I shot it for league several yrs ago. I developed terrible target panic and began punching the trigger. If you are a competitive shooter I would not recommend it, unless you use a recurve. It took me a yr and a back tension release to get over those few weeks of league. Also, some require you to shoot less than 280 fps.:mg:


----------



## dcreighton (Jan 2, 2008)

It's just like shooting game while hunting where you have a limited window of opportunity and have to take a good shot when presented. Only thing is if you wait too long it gets to the end of the scenario and you lose the shot shot you feel pressured to shoot every time. Executing the actual shot shouldn't be any different then any other time though IMO. I do it a couple times a year with hunting buddies and we enjoy it.


----------



## Sniper1 (Jun 27, 2007)

Use a large peep aperture, and a Rheostat light on tyour pin/pins.
The Dart has scoring on the targets very similar to where they are on IBO targets,but the Technohunt has them farther down and forward, in more realistic positions.
"Dart Leagues" are fun, and you get to shoot all the different Discs.
Here's a valuable hint. Don't shoot a animal with a foot or paw in the water. That's a "0", because they are "Seeking Refuge" or something. There, I just savd you a score. Try it on the bear who does it if you don't believe me.


----------



## treeman65 (Nov 24, 2005)

SDSURESHOT said:


> I shot it for league several yrs ago. I developed terrible target panic and began punching the trigger. If you are a competitive shooter I would not recommend it, unless you use a recurve. It took me a yr and a back tension release to get over those few weeks of league.

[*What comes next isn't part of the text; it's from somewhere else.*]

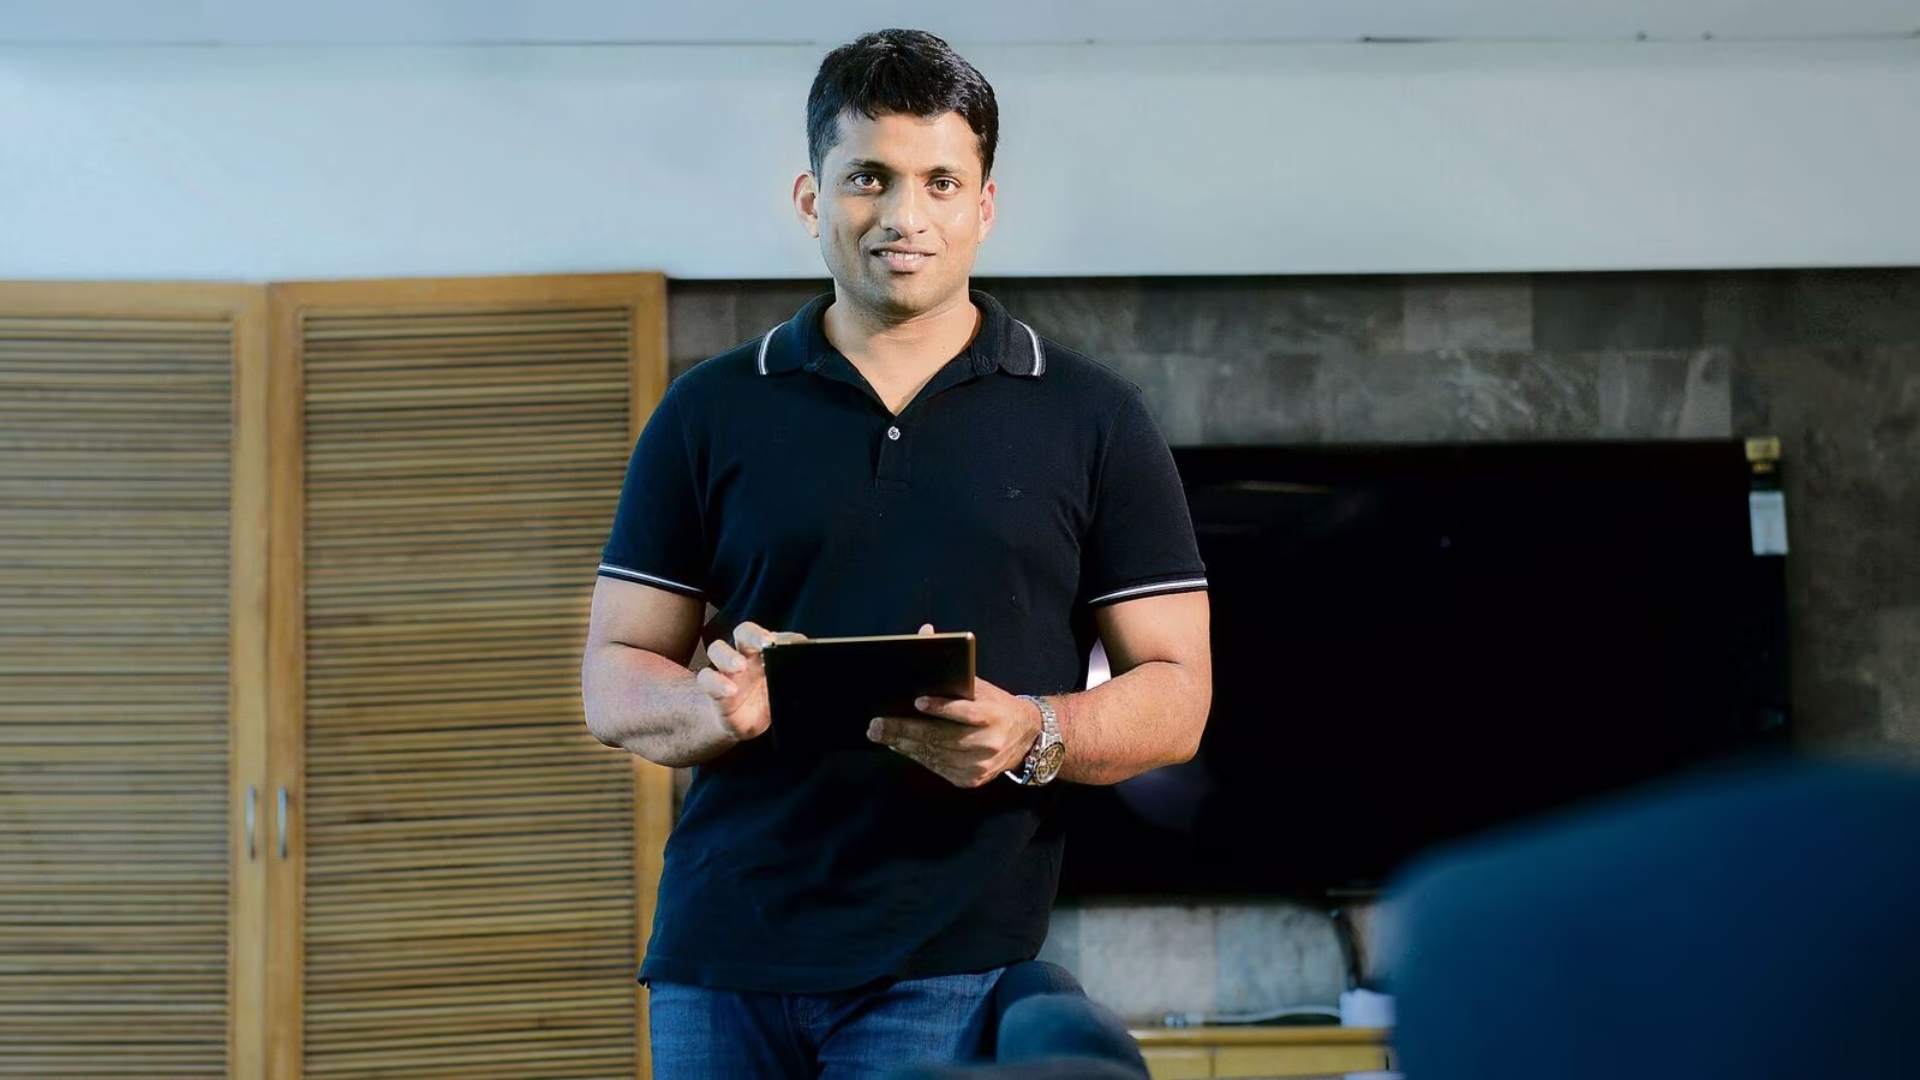 ED Seeks a Lookout Notice for Byju’s Founder, Byju Raveendran

Also, some require you to shoot less than 280 fps.:mg:


+1 the animals only stop for a second so I gets you in the frame of mind to snatch your release bad.


----------



## Tenpoint TL-7 (Jan 23, 2006)

*Dart System*

I use my new 100lb. crossbow and I like to shoot the screen. Me and my friend shoot it every Saturday and it does'nt affect my 3D shooting. I all ways punch the trigger even in 3D and I never had target panic.


----------



## vision archery (Dec 22, 2008)

I have shot the dart ststem and enjoyed it. Sometimes the animal stops sometimes it doesn't.


----------